Through this strategy you’ll notice that have no lack of ideas, that even the same word or group of words can inspire any number of developments, if you let them. You have to trust that your mind will not let you down.

Last Word Free Writing

This is the most challenging of the free writing strategies — at least for me. Let any word from the list above or the list below — or whatever comes to you — be the last word of your writing. As much as possible, choose it without thinking about it as the last word of your writing. For example, do not choose dream, partly because it may lead you to the most hackneyed writing strategy of all: When I woke up, I realized it was all a dream. (Not that you would use that, of course!)

So, what comes to mind? Here are some words that — for some reason — made it into my head without any particular invitation (although sometimes I just choose a letter and capture the first word I think of that begins with that letter):

partitionfreeformleashmural
semesterdivineparachutebasket
weathervanemonorailhellishquiet
absentrubbishtreehouseloudly

Write the word you chose towards the bottom of a page on a computer screen or a piece of paper.
Set a timer for one minute (at first) and start writing.

_________________________________________________________________________________________________________________________________________________________________________________________________________________________________________________________________________________________________________________________________________________________________________________________________________________________________________________________________________________________________________________________________________________________________________________________________________________________________________________________________________________________________________________________________________________________________________________________________________________________________________________________________________________________________________ basket.

Then start writing and keep writing until your timer goes off (one minute). You may need to spend up to another minute to get to your ending word. That’s OK.

Here’s what I did to reach basket.

book basket

Three times Maggie reached into her bookshelf and pulled out a volume. She looked at the title and author and the front pages, even the last few pages. When she saw nothing on them — no handwriting, no picture — she put them back on the shelf and reached for another one. The fifth book she chose had an inscription, To Edgar — Love is not enough, but I love you. T. She put this book into the basket. By the time she had put three more books into the basket, it was full and heavy. She had not found the one book she would not put in the basket.
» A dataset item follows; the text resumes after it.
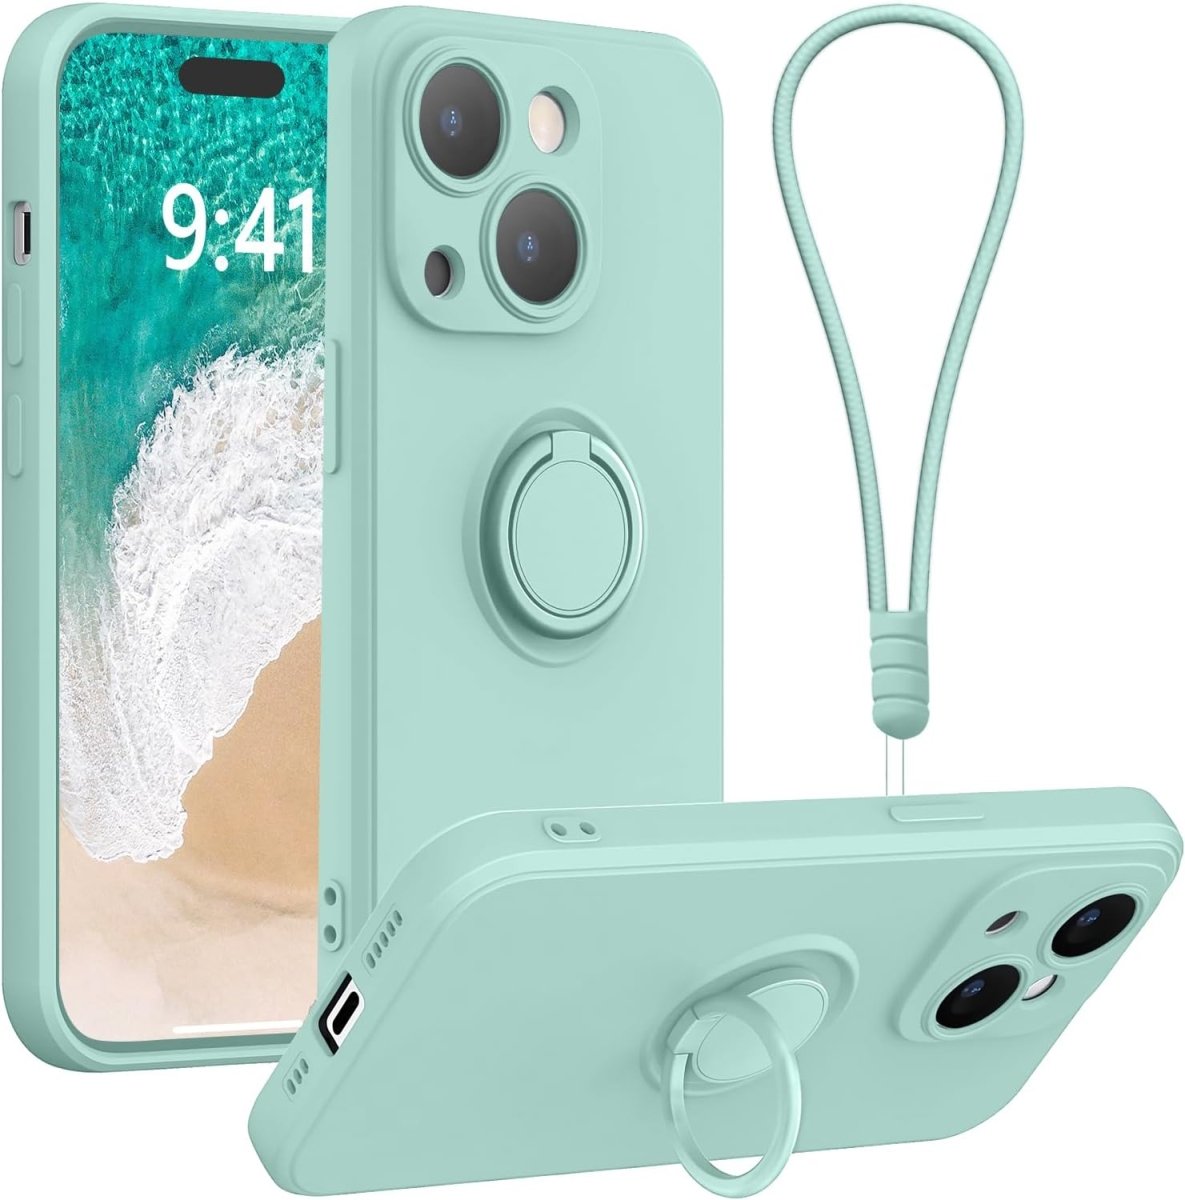 Mint Cream Shockproof Silicone Case For iPhone With Ring And Lanyard  Mint Cream iPhone 11 Accessories Gifts UK

If you want to, try again with the word you chose for your one-minute Last Word selection. Or choose another word and write towards it for two minutes. Repeat, if you want to, with the word you first chose or with another word entirely, but this time write for three minutes. Continue as long as you wish.

What I hope you discover through this strategy is a sense of confidence. You will see that you can write towards anything. If you choose to rewrite towards the same word, you’ll feel some level of efficacy or fluency. These are good feelings and help you begin your own writing.

So, start writing your first word. . .your next. . .and your next.